Всё детство Света мечтала увидеть ангелов. Бабушка рассказывала о небе и жизни «после» и что ангелы – белоснежные вестники радости.

Вот только Света не хотела никакого после, хотела сейчас. Как все дети она не умела ждать и не знала, что есть что-то невозможное.

И ангелы появились. Света находила их в пухлой сдобе и объятиях папы. Они появлялись вместе с улыбкой мамы. Эфемерные, невесомые. Они скакали солнечными зайчиками, мурлыкали кошкой, шелестели листвой и проливались дождём с неба.

Всё возможно. Просто нужно верить. И видеть.

Настоящий писатель

Солнце упрямо пробивало себе дорогу сквозь неплотно задёрнутые шторы. Один луч злобно впился мне в глаз. Я поморщился и уткнулся лицом в подушку. Слишком рано.

Кот заметил шевеление под одеялом и с боевым кошачьим «мяу» запрыгнул на кровать. Теперь точно придется вставать. Вискас, кофе, новости. Только в такой последовательности. Каждое утро. Включаю телевизор фоном. Опять военные действия, выборы и парады то ли «за», то ли «против».

А день будет прекрасен. Вон какое светило доброе, разлило свет по улице, плеснуло на угол соседнего дома свою благодать. Что, Кот, тоже хочешь свою порцию солнца? Сиди, загорай, а мне ещё работать и за кормом сходить надо. Знаешь, Кот, какая тётка на кассе злобная?
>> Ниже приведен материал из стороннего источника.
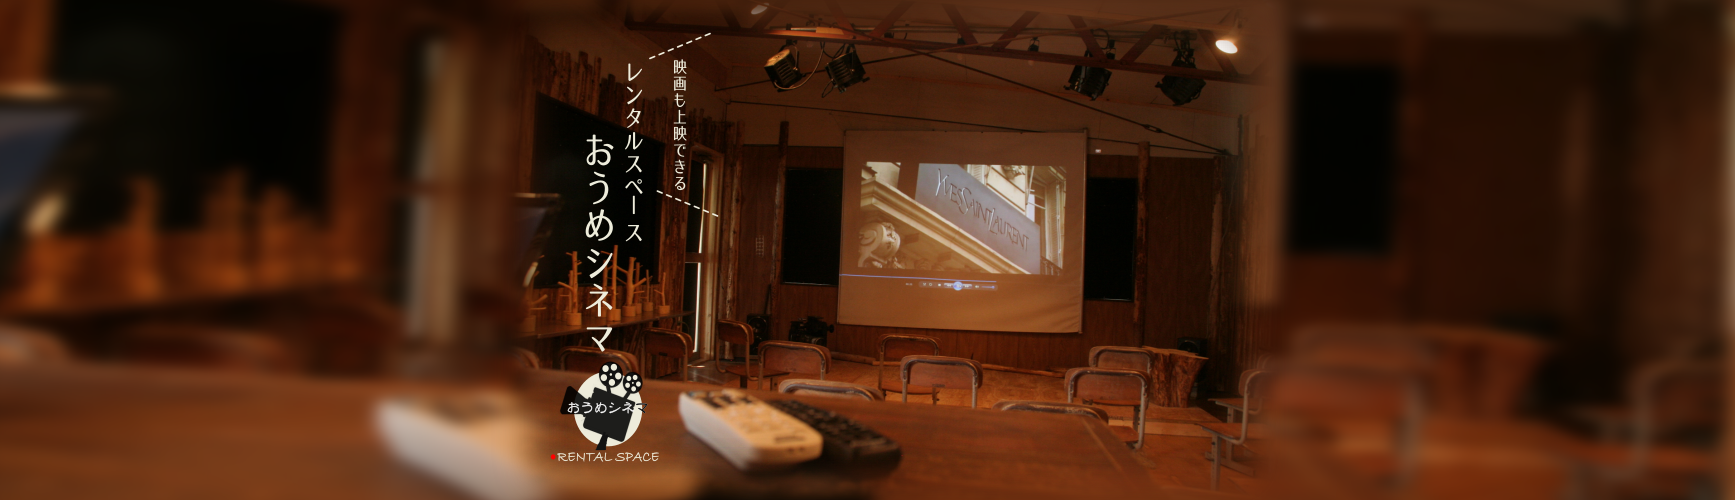 羽村市周辺のレンタルスペース・貸し会議室「おうめシネマ」のイメージ画像

Продукты отбивает, а в глазах не то осуждение, не то недосып. Водяная баба в своих владениях, а ты незваный гость на её территории. Затянет в свой продуктово-бытовой омут, накинет силок ипотек и кредитов, не выбраться. Хотя может она так флиртует, кто ж знает. Хорошая тётка, фактурная.

У неё, наверное, своя история. Может муж забулдыга, а она в детстве мечтала о балете. Кабриоль, аттитюд, гранд батман. Стоять на сцене в объятьях софитов, погружаться в овации как в океан, чтоб сердце от восторга к горлу подпрыгивало. А что у неё сейчас? Колбаса, арманьяк, приходите ещё. Если б она могла переписать пару жизненных глав – вычеркнула бы долговязого в джинсах клеш, стояла бы у станка. Всё могло быть иначе.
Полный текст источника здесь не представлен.